The entries in the hashtable are lists of inliners for each inlinee. One entry in the hashtable corresponds to one inlinee. The hashtable is hashed with the version resilient hashcode of the uninstantiated methoddef inlinee.

The entry of the hashtable is a counted sequence of compressed unsigned integers which begins with an InlineeIndex which combines a 30 bit index with 2 bits of flags which how the sequence of inliners shall be parsed and what table is to be indexed into to find the inlinee.

  • InlineeIndex

  • Index with 2 flags field in lowest 2 bits to define the inlinee

    • If (flags & 1) == 0 then index is a MethodDef RID, and if the module is a composite image, a module index of the method follows
    • If (flags & 1) == 1, then index is an index into the ILBody import section
    • If (flags & 2) == 0 then inliner list is:
    • Inliner RID deltas - See definition below
    • if (flags & 2) == 2 then what follows is:
    • count of delta encoded indices into the ILBody import section
    • the sequence of delta encoded indices into the first import section with a type of READYTORUN_IMPORT_SECTION_TYPE_ILBODYFIXUPS
    • Inliner RID deltas - See definition below

  • Inliner RID deltas (for multi-module version bubble images specified by the module having the READYTORUN_FLAG_MULTIMODULE_VERSION_BUBBLE flag set)

  • a sequence of inliner RID deltas with flag in the lowest bit
  • if flag is set, the inliner RID is followed by a module ID
  • otherwise the module is the same as the module of the inlinee method
  • Inliner RID deltas (for single module version bubble images)
  • a sequence of inliner RID deltas

This section may be included in addition to a InliningInfo2 section.

ReadyToRunSectionType.HotColdMap (v8.0+)

In ReadyToRun 8.0+, the format supports splitting a method into hot and cold parts so that they are not located together. This hot-cold map section captures the information about how methods are split so that the runtime can locate them for various services.

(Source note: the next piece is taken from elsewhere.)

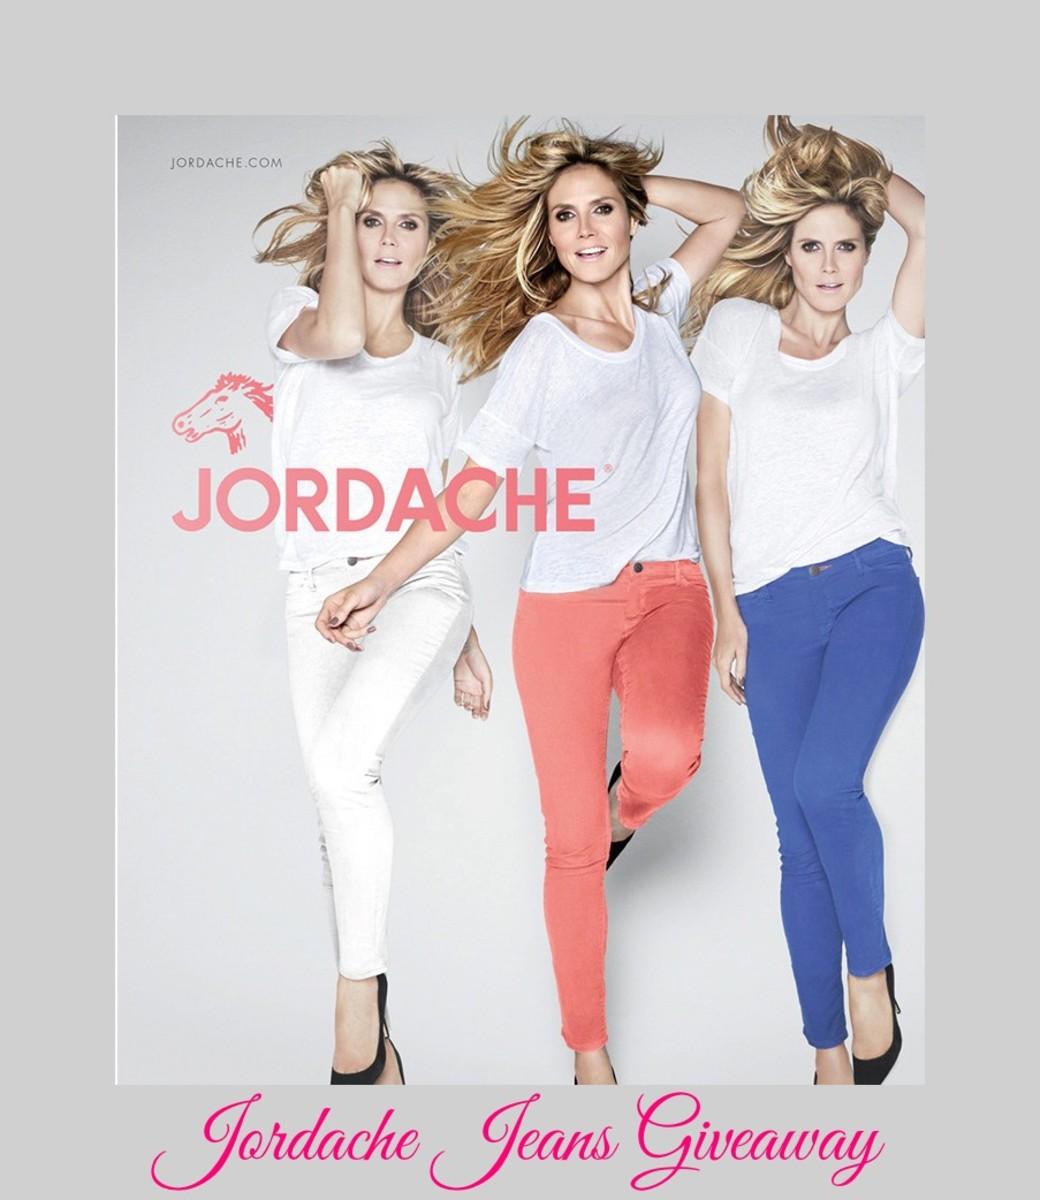 Jordache Jeans Giveaway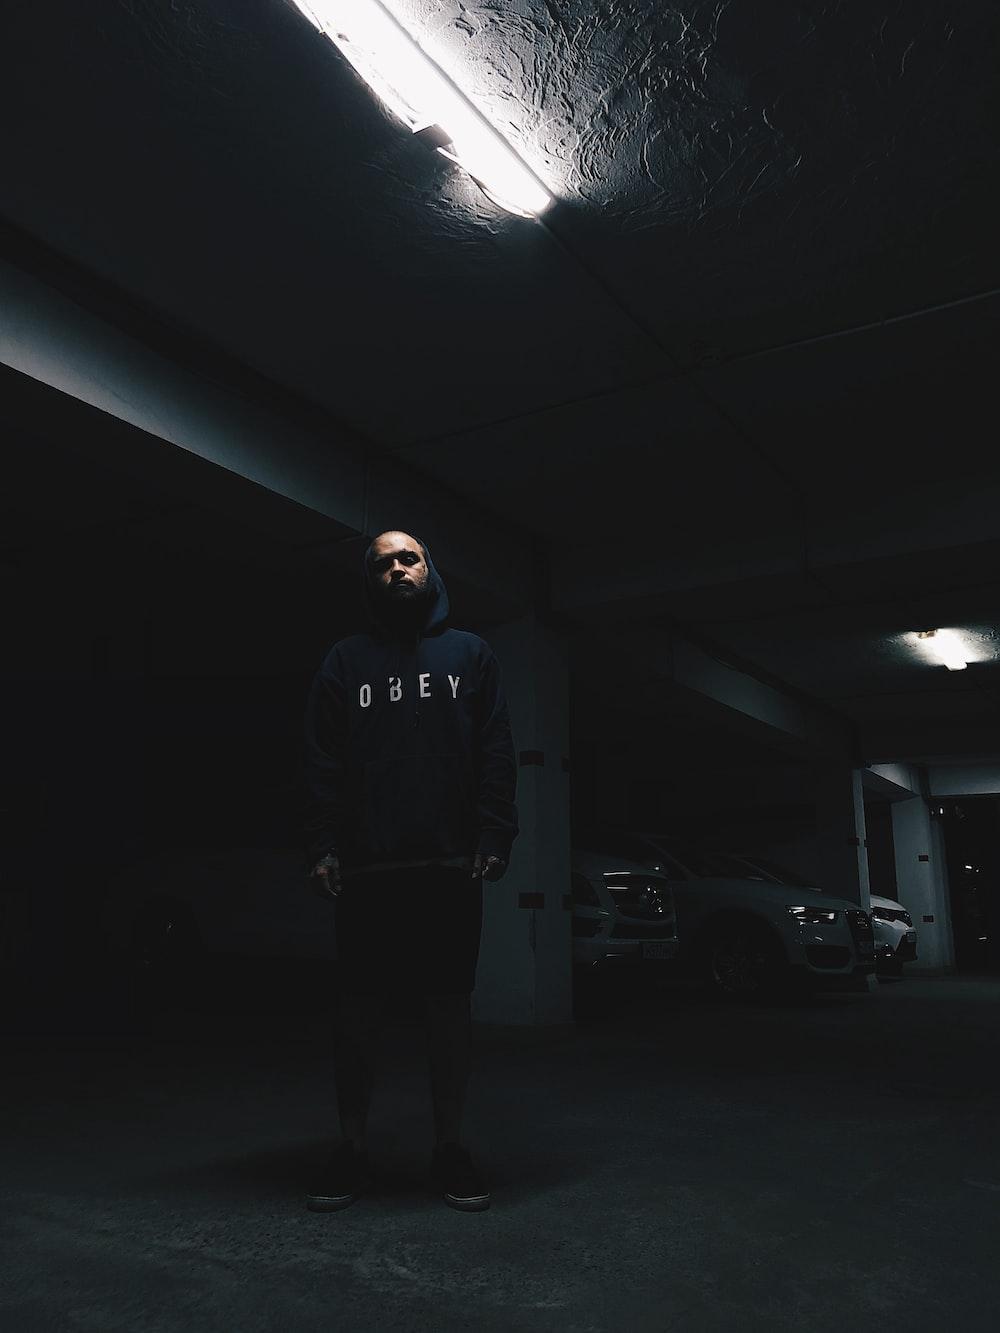 man standing inside building parking lot

For every method that is split, there is a single entry in the section. Each entry has two unsigned 32-bit integers. The first integer is the runtime function index of the cold part and the second integer is the runtime function index of the hot part.

The methods in this table are sorted by their hot part runtime function indices, which are also sorted by their cold part runtime function indices because we always emit the cold part in the same order as the hot parts, or by their RVAs because the runtime function table itself is sorted by the RVAs.

This section may not exist if no method is split - this happens when the --hot-cold-splitting flag is not specified during compilation, or the compiler decides it should not split any methods.

ReadyToRunSectionType.MethodIsGenericMap (v9.0+)

This optional section holds a bit vector to indicate if the MethodDefs contained within the assembly have generic parameters or not. This allows determining if a method is generic or not by querying a bit vector (which is fast, and efficient) as opposed to examining the GenericParameter table, or the signature of the Method.

The section begins with a single 32 bit integer indicating the number of bits in the bit vector. Following that integer is the actual bit vector of all of the data. The data is grouped into 8 bit bytes, where the least significant bit of the byte is the bit which represents the lowest MethodDef.

For instance, the first byte in the bit vector represents the MethodDefs 06000001 to 06000008, and the least signficant bit of that first byte is the bit representing the IsGeneric bit for MethodDef 06000001.

ReadyToRunSectionType.EnclosingTypeMap (v9.0+)

This optional section allows for efficient O(1) lookup from the enclosed type to the type which encloses it without requiring the binary search that is necessary if using the ECMA 335 defined NestedClass table (which encodes exactly the same information). This section may only be included in the assembly if the assembly has fewer than 0xFFFE types defined within it.

The structure of this section is: A single 16 bit unsigned integer listing the count of entries in the map. This count is followed by a 16 bit unsigned integer for each TypeDef defined in the assembly. This typedef is the RID of the enclosing type, or 0 if the typedef is not enclosed by another type.

ReadyToRunSectionType.TypeGenericInfoMap (v9.0+)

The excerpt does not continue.